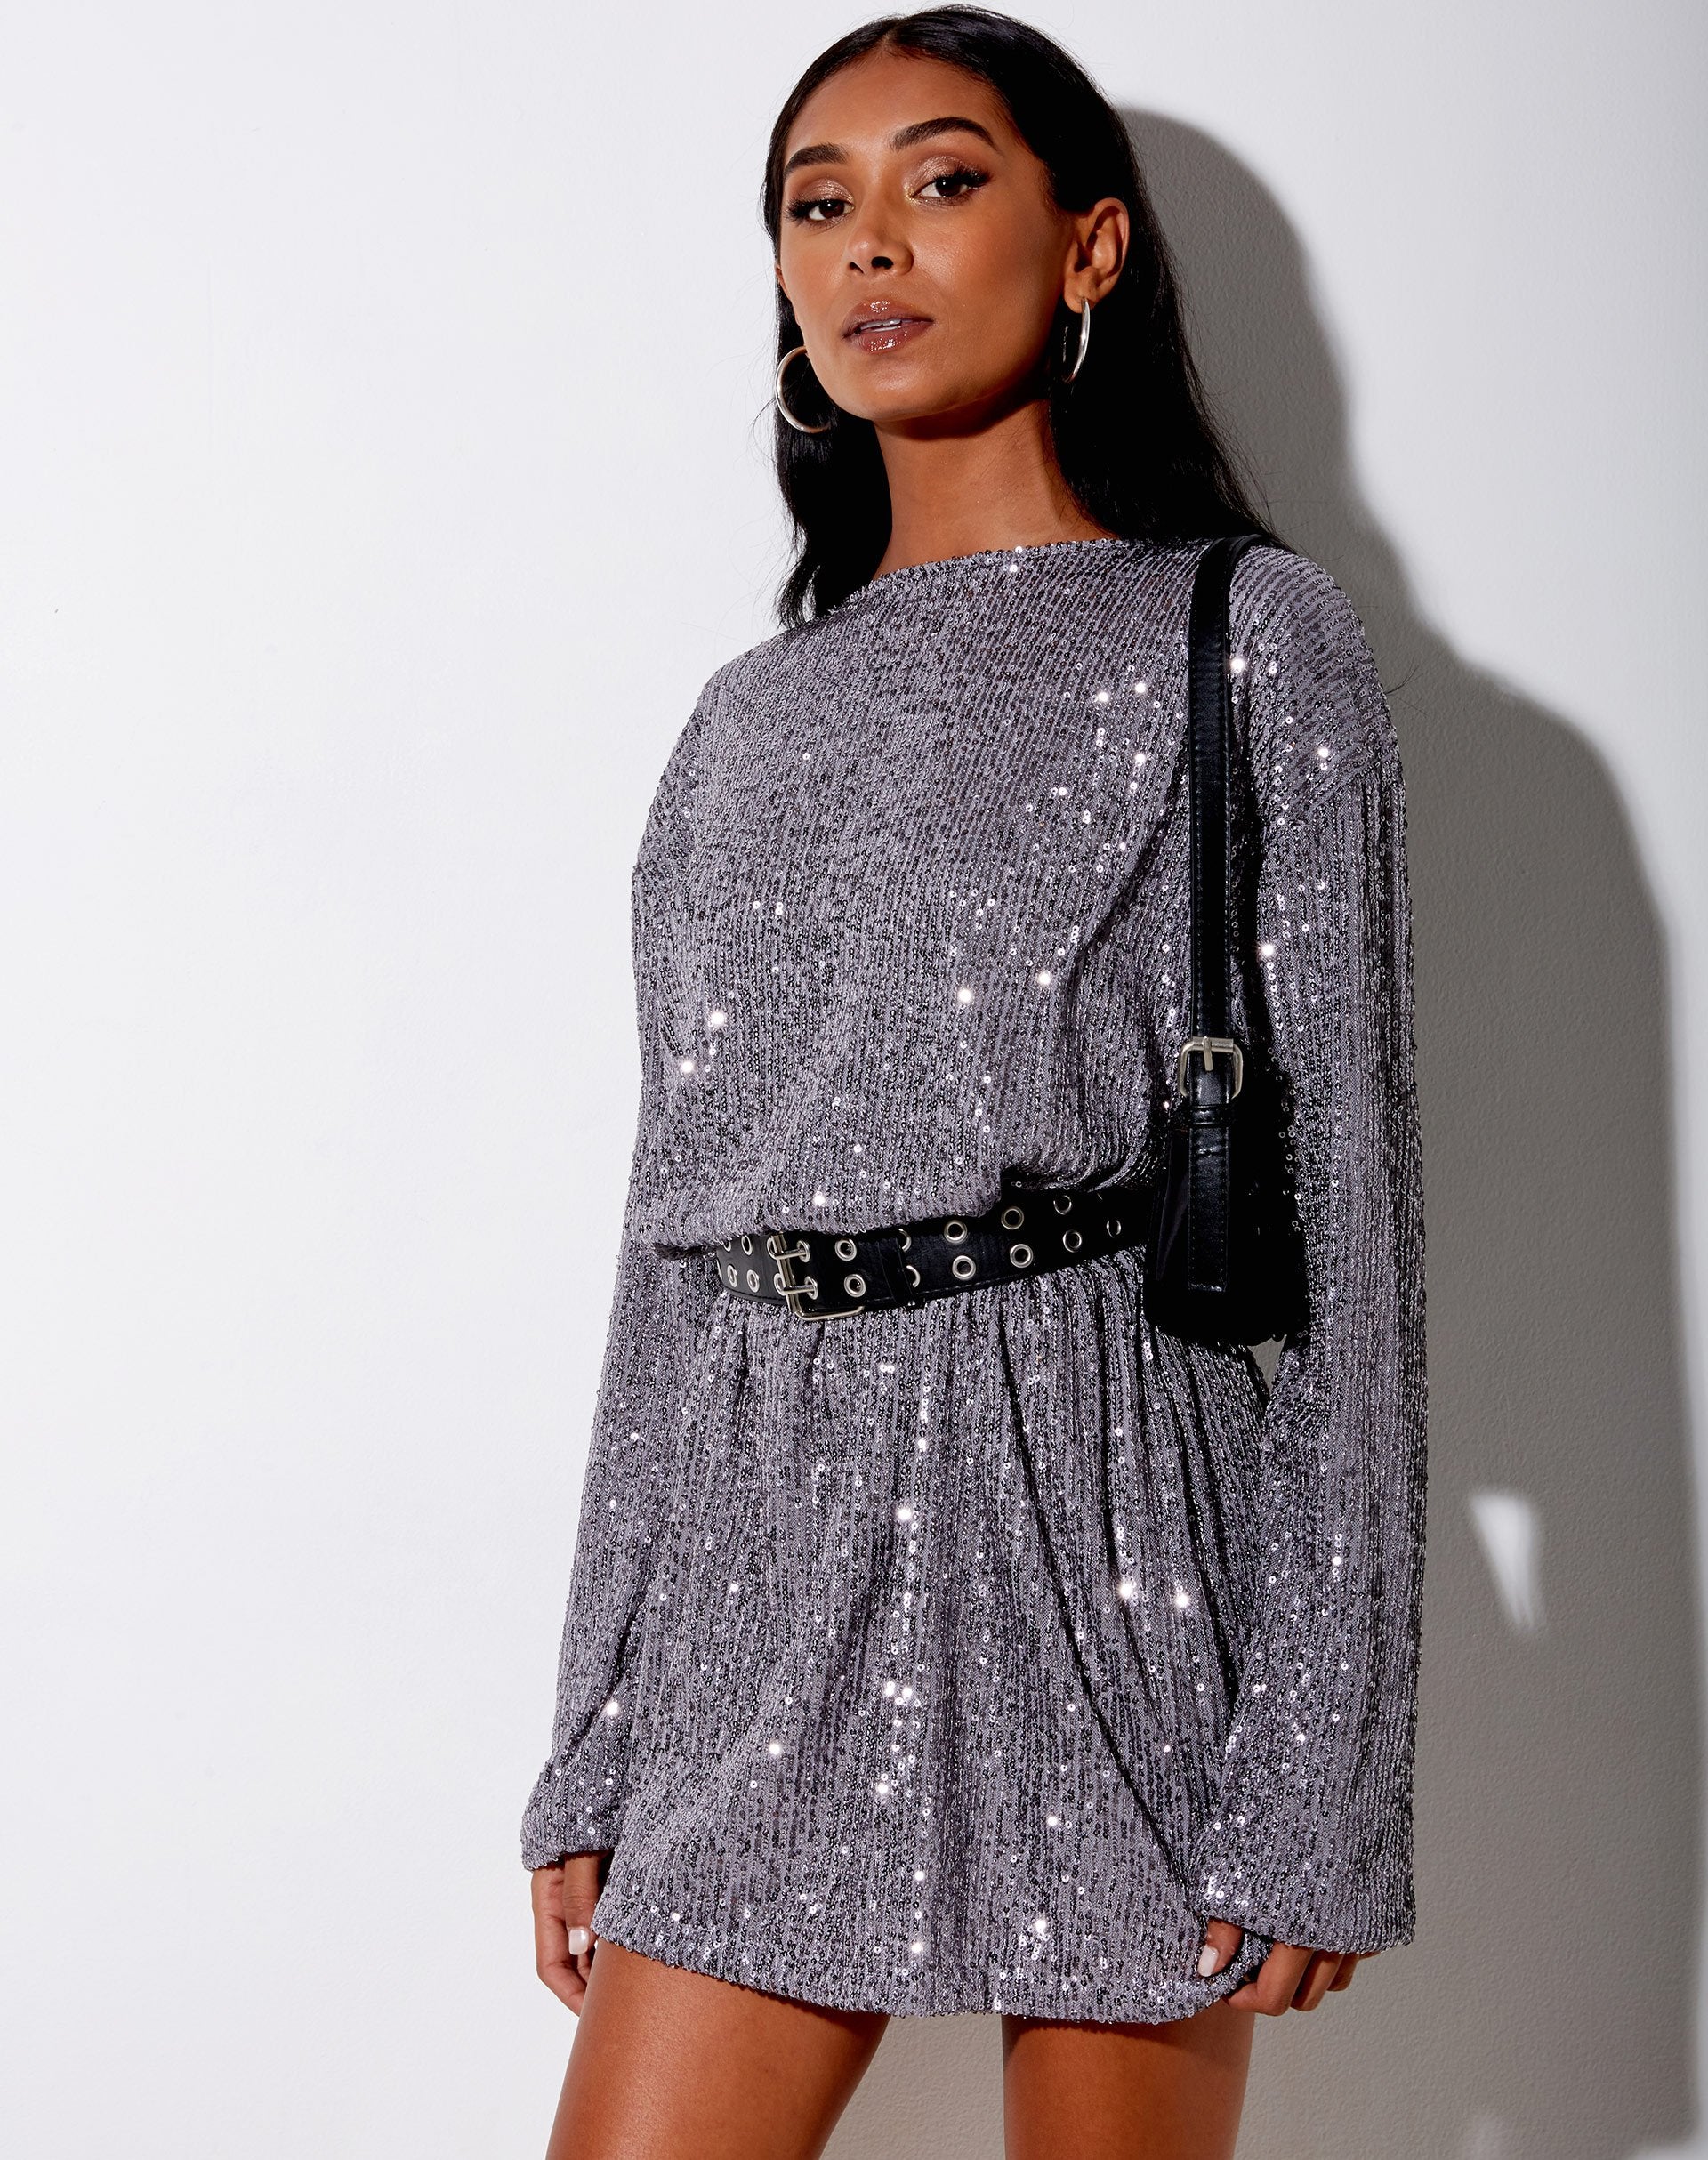 Image of Liama Dress in Stretch Sequin Silver
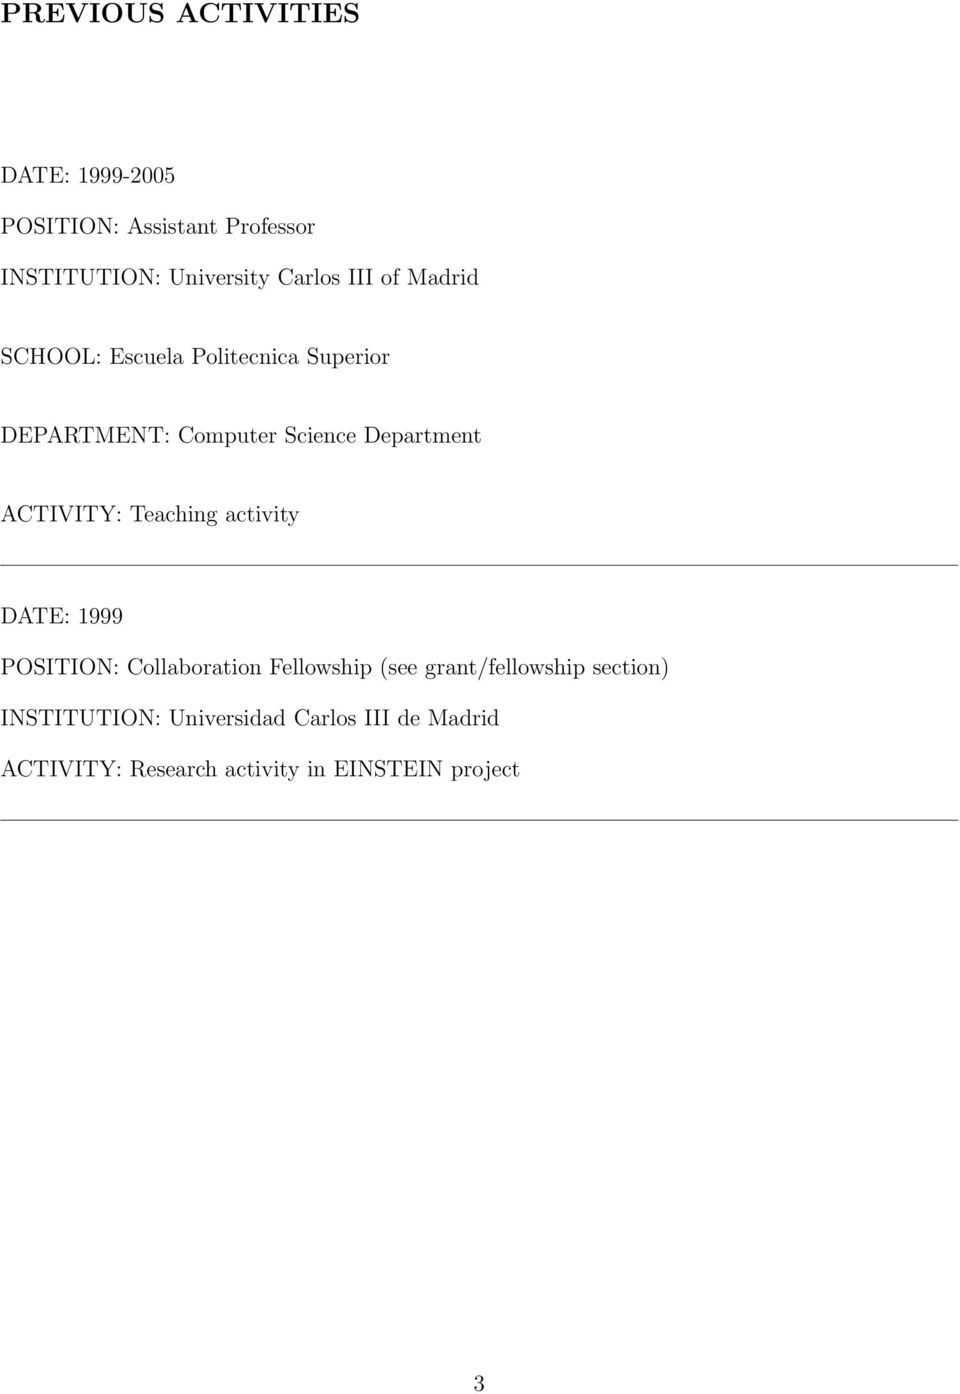 ACTIVITY: Teaching activity DATE: 1999 POSITION: Collaboration Fellowship (see grant/fellowship
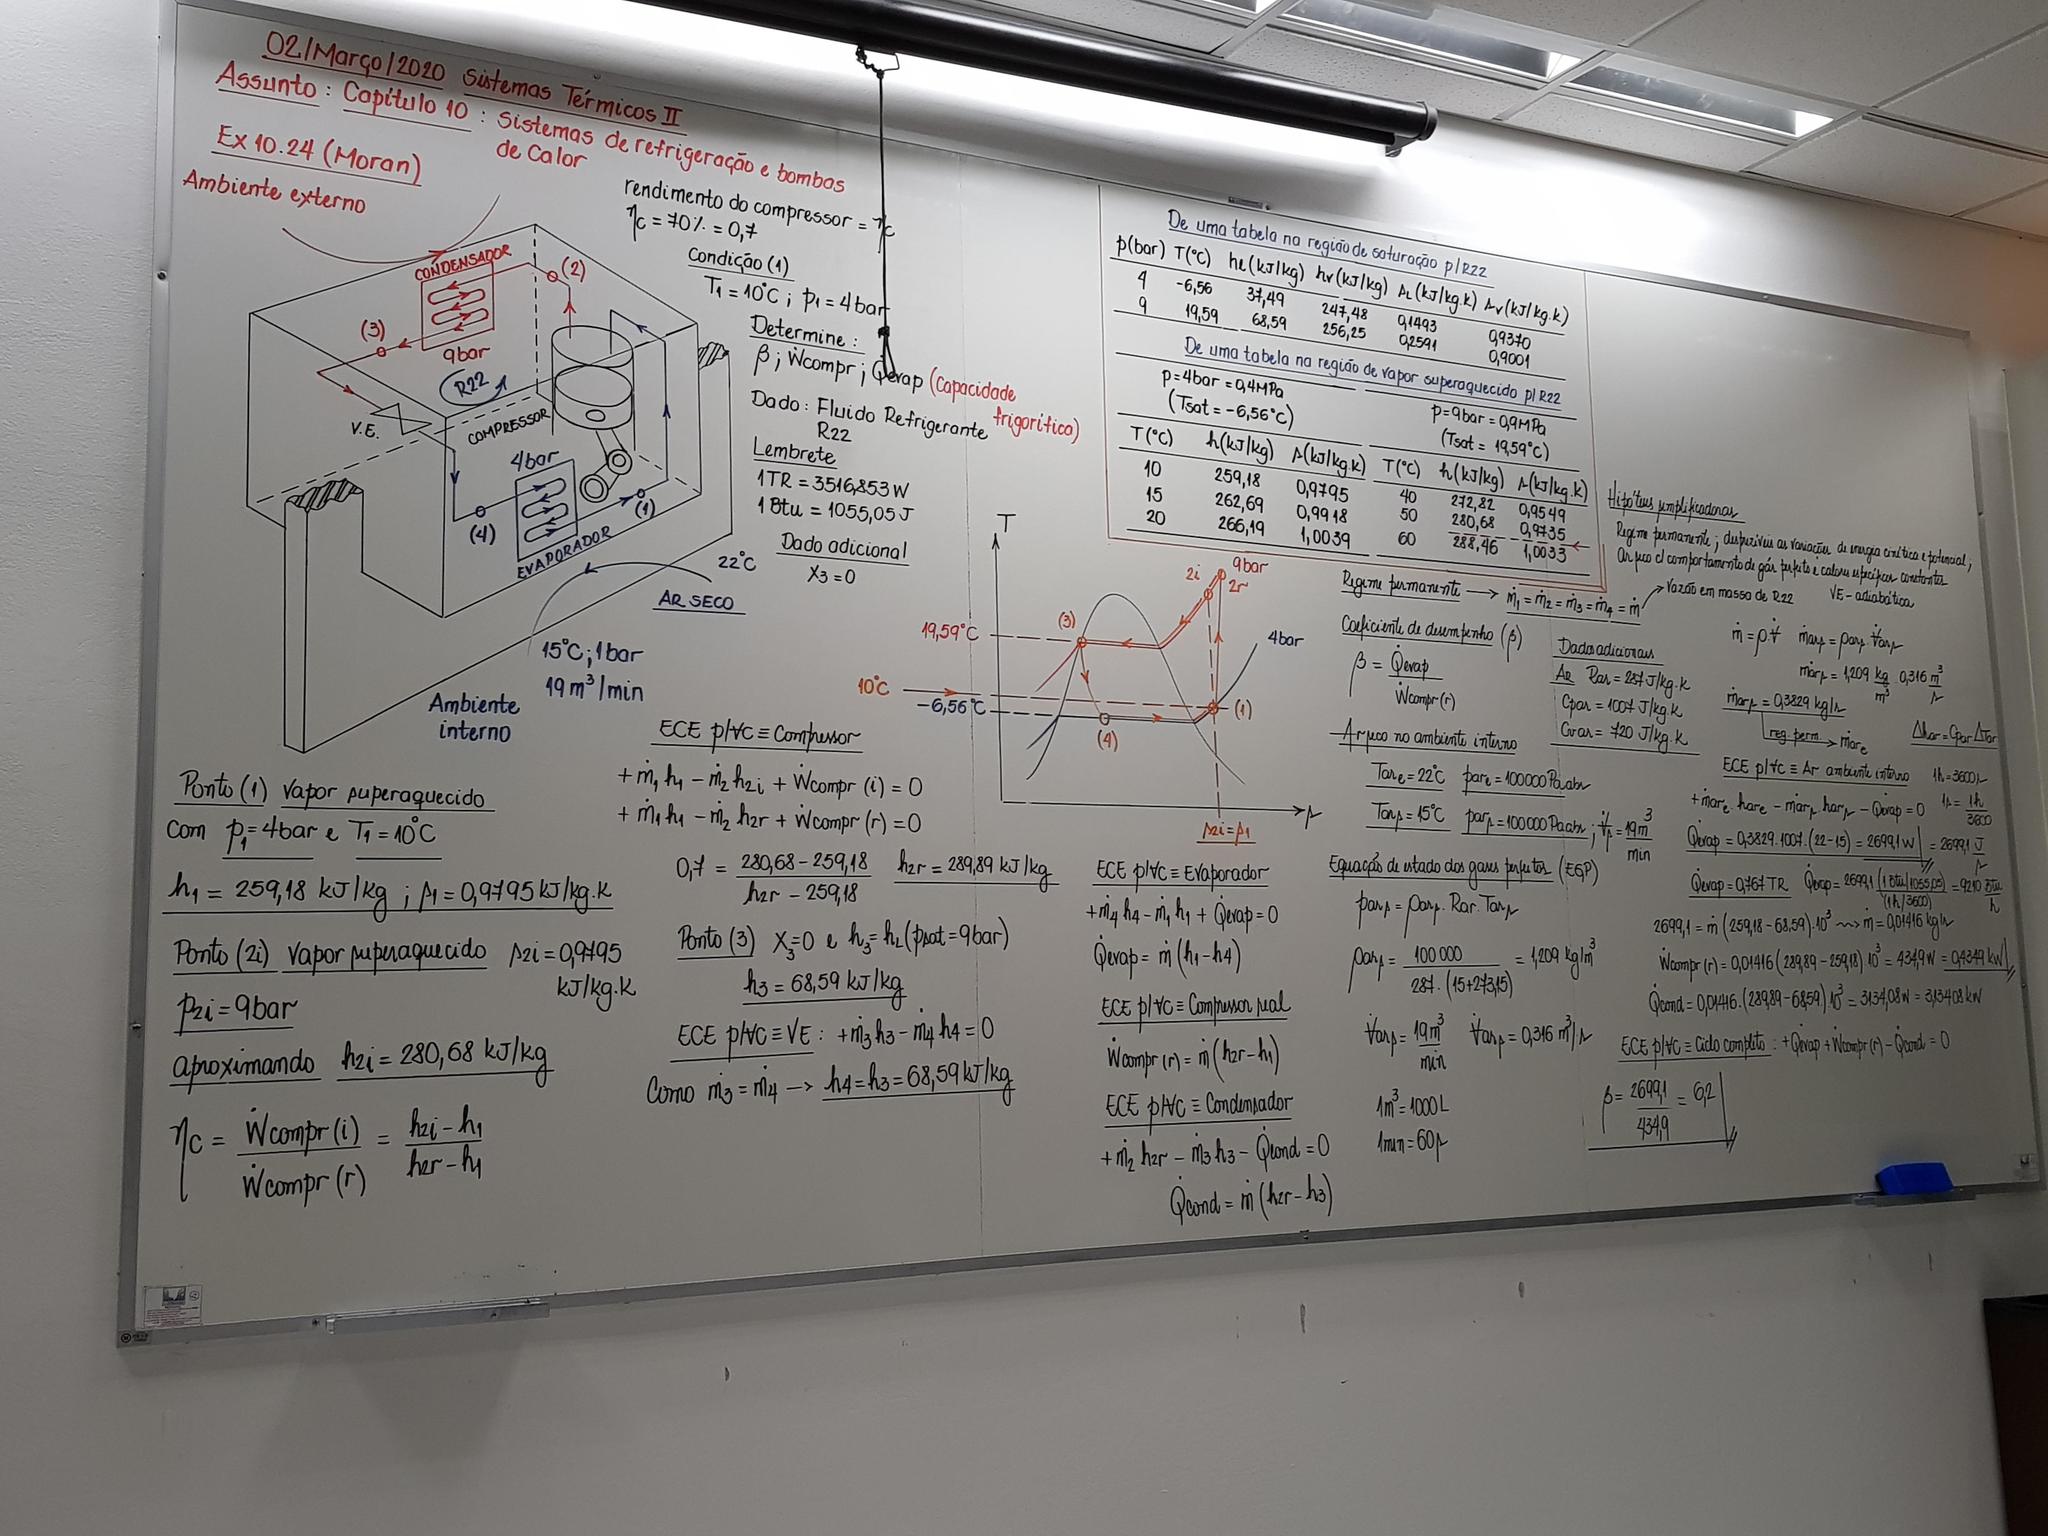 “This is what the blackboard looks like in the classroom after classes with one of the best professors at the university.” - The photo, University, Studies, Professor, Handwriting, Engineer, Reddit

============

Write the listing out a second time exactly, dropping all images.

 Image of Liama Dress in Stretch Sequin Silver
 ACTIVITY: Teaching activity DATE: 1999 POSITION: Collaboration Fellowship (see grant/fellowship
 “This is what the blackboard looks like in the classroom after classes with one of the best professors at the university.” - The photo, University, Studies, Professor, Handwriting, Engineer, Reddit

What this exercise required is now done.